# Data records

****************

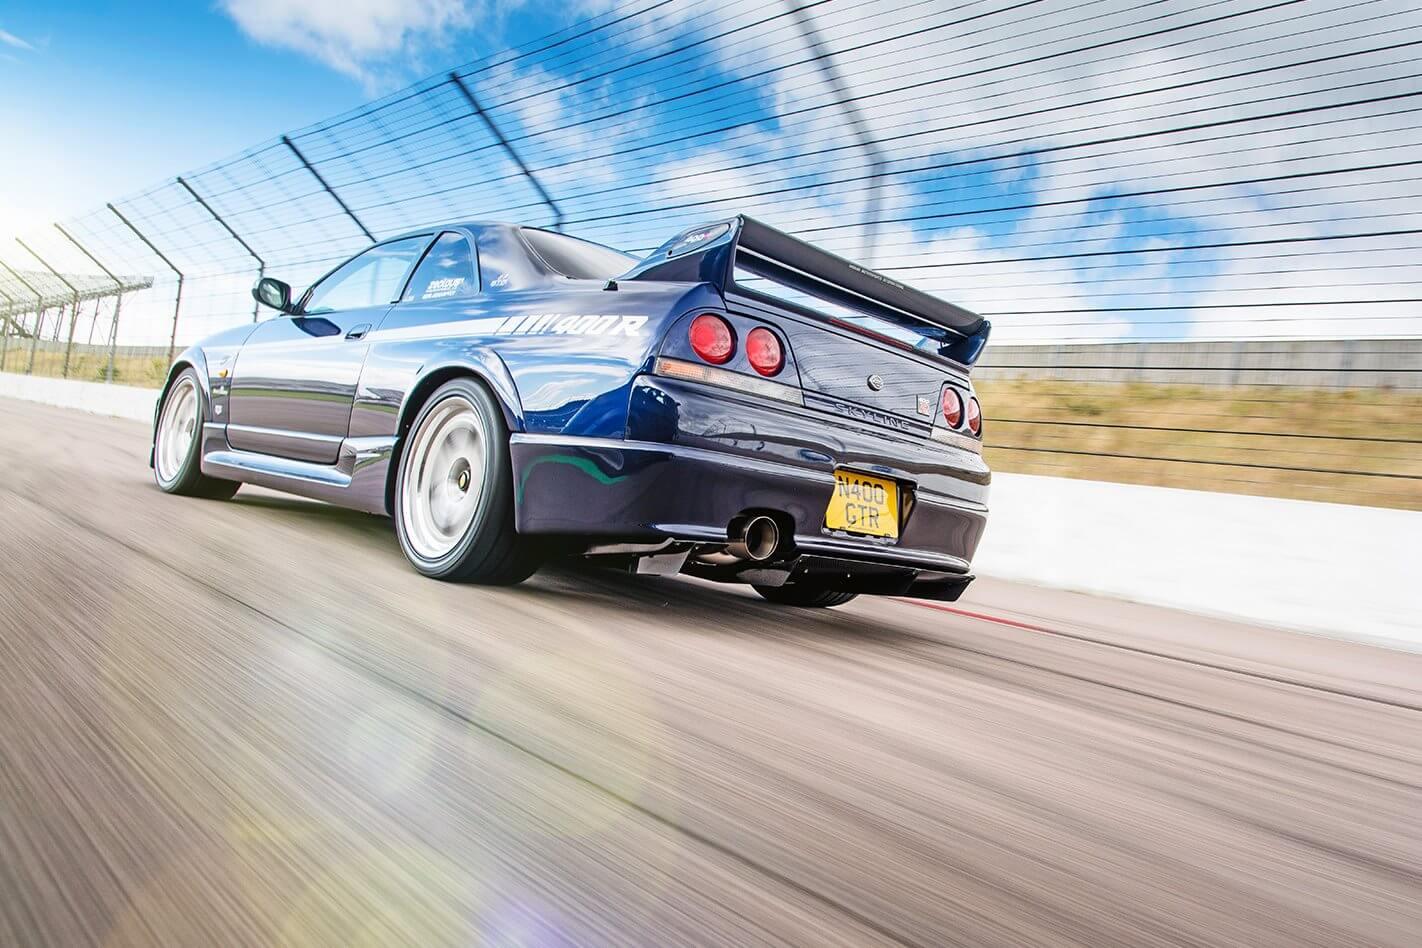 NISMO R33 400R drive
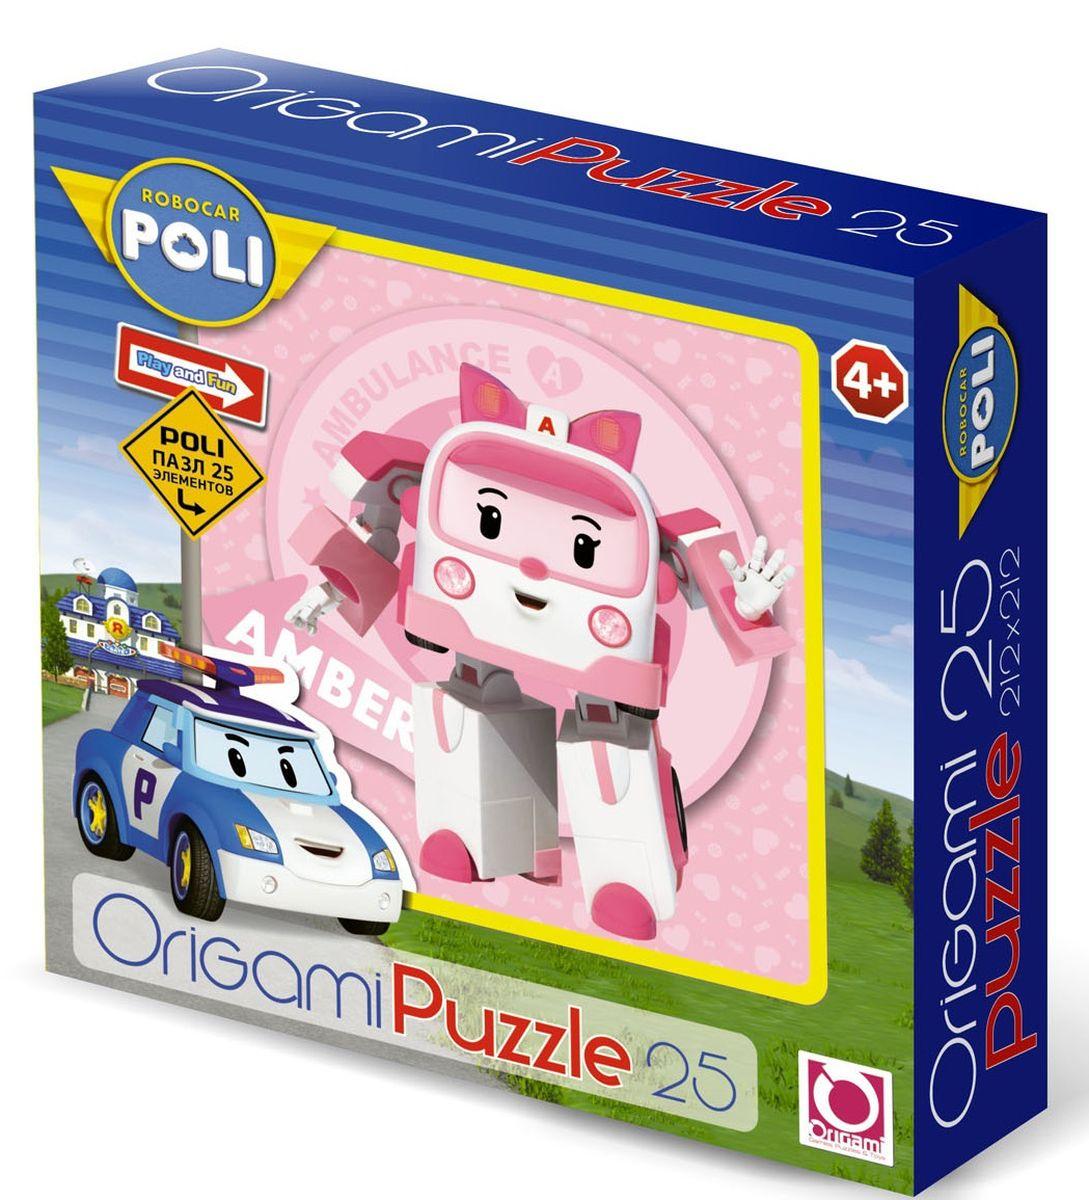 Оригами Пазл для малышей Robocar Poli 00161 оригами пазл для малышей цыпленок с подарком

****************

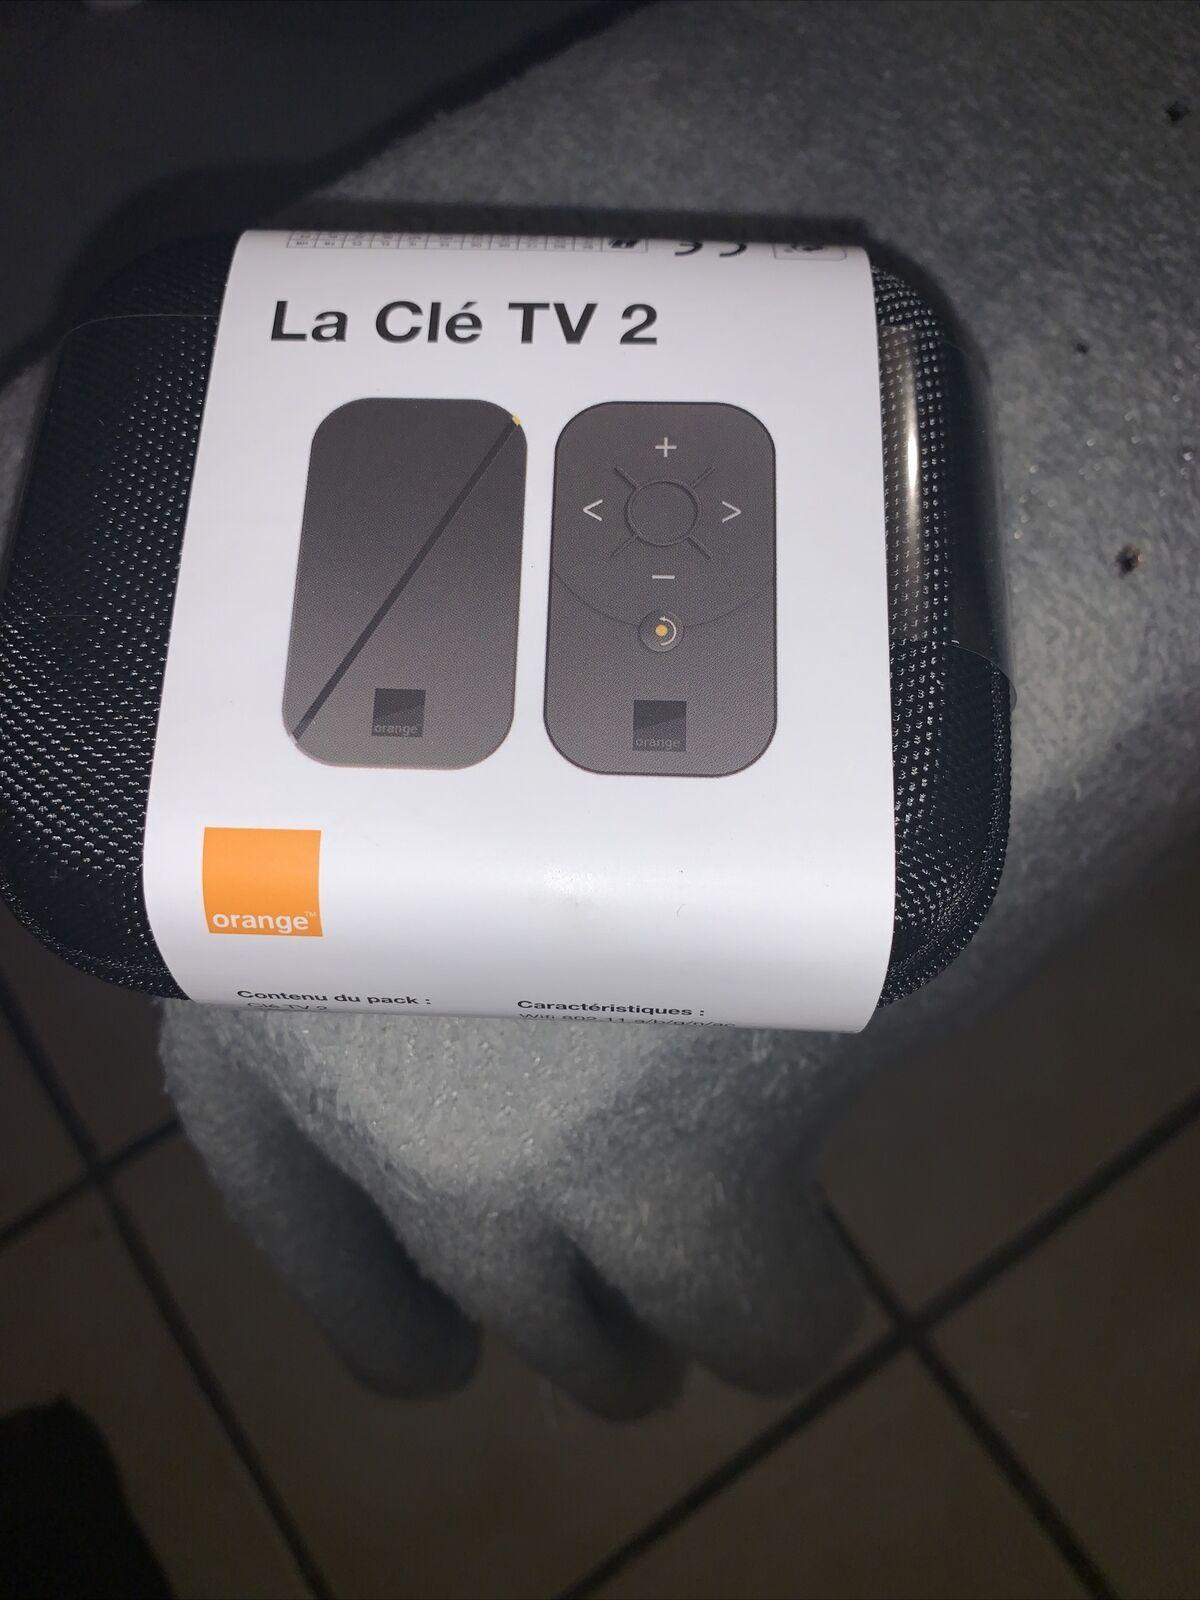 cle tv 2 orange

****************

Copy needed, without pictures: the lines of the listing above from the line containing "NISMO R33 400R drive" up to and including the line containing "Оригами Пазл для малышей Robocar", set down exactly.

 NISMO R33 400R drive
 Оригами Пазл для малышей Robocar Poli 00161 оригами пазл для малышей цыпленок с подарком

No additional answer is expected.